Bela Crkva (, ; ; ; ) is a town and municipality located in the South Banat District of the autonomous province of Vojvodina, Serbia. The town has a population of 8,868, while the Bela Crkva municipality has 17,285 inhabitants.

Bela Crkva lakes at the outskirts of the town are a popular summer tourist destination.

Name
The name of the town Bela Crkva means "white church" in Serbian. In Romanian, the town is known as Biserica Albă (formerly Albești), in German as Weißkirchen, in Hungarian as Fehértemplom (formerly Fejéregyház), and in Turkish as Aktabya.

History
Neolithic findings of ceramics and burial with Greek-style pots dating to late fifth century BC are founded in the area.

The town was founded in 1717 when this region was included into the Habsburg monarchy. It was part of the Banatian Military Frontier of the Monarchy and, since 1774, was a seat of the Illyrian (Serbian) section of the Banatian Frontier. Briefly, in 1787–1788, the town was controlled by the Ottomans. In 1848–1849, the town was part of autonomous Serbian Vojvodina, but in 1849 it was again placed under military administration. With the abolishment of the Military Frontier, the town was included into Temes county of the Kingdom of Hungary, one of two autonomous parts of Austria-Hungary. The town was also a seat of the district since 1867.
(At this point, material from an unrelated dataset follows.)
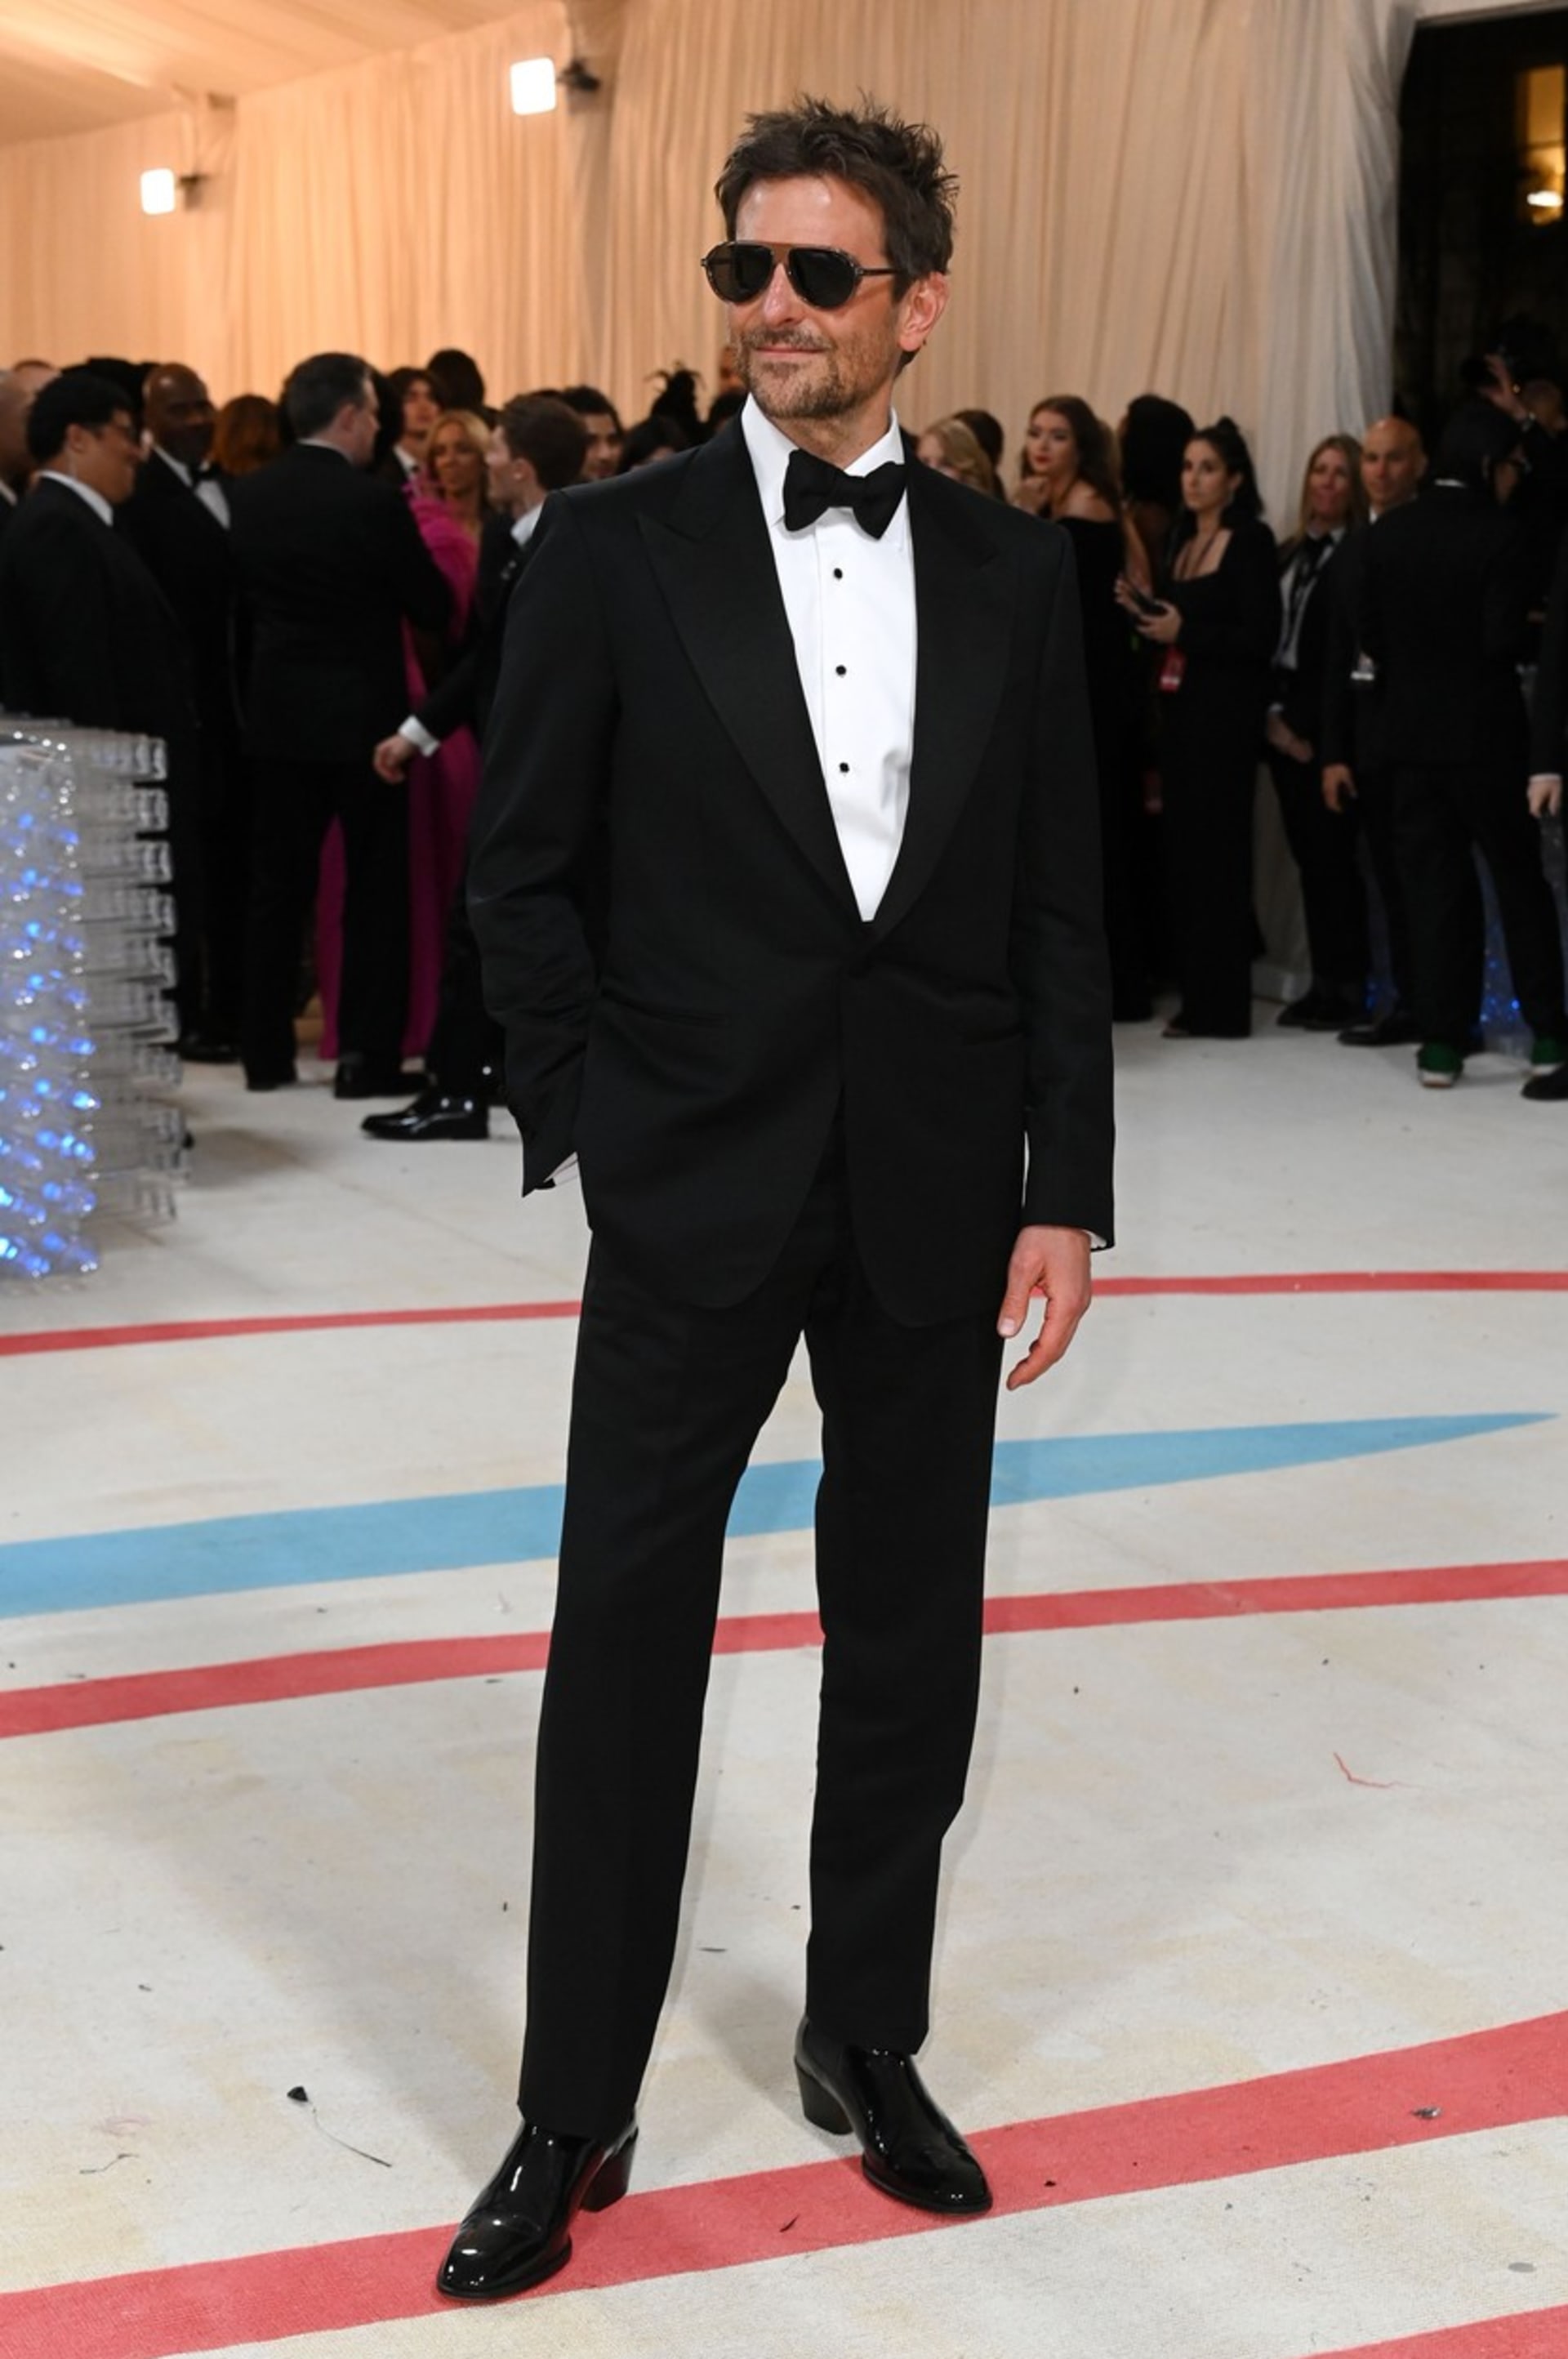 Herec Bradley Cooper zvolil jednoduchou cestu elegance.

According to the 1910 census, the town itself was mainly populated by Germans with a group of French, but its surrounding municipal area was mainly populated by Serbs. Census recorded 11,524 citizens in the town, of whom 6,062 spoke German language, 1,994 Serbian, 1,806 Romanian, and 1,213 Hungarian. The municipal area numbered 36,831 inhabitants, of whom 20,987 spoke Serbian, 8,234 Romanian, and 4,791 German. The total population of the town and its municipal area counted together was 48,355, of whom 22,981 spoke Serbian, 10,853 German, 10,040 Romanian, and 2,122 Hungarian.

Since 1918, Bela Crkva was part of the Kingdom of Serbs, Croats and Slovenes and subsequent South Slavic states. In the 1920s, it was a center of Russian emigration in Yugoslavia.

Inhabited places
Bela Crkva municipality includes the town of Bela Crkva and the following villages:
 Banatska Palanka
 Banatska Subotica
 Vračev Gaj
 Grebenac
 Dobričevo
 Dupljaja
 Jasenovo
 Kajtasovo
 Kaluđerovo
 Kruščica
 Kusić
 Crvena Crkva
 Češko Selo

Demographics

According to the 2011 census results, the municipality of Bela Crkva has 17,367 inhabitants.

Ethnic groups

Settlements with Serb ethnic majority are: Bela Crkva, Banatska Palanka, Banatska Subotica, Vračev Gaj, Dupljaja, Jasenovo, Kajtasovo, Kaluđerovo, Kruščica, Kusić, and Crvena Crkva. The settlement with Romanian ethnic majority is Grebenac. The settlement with Hungarian ethnic majority is Dobričevo. The settlement with Czech ethnic majority is Češko Selo.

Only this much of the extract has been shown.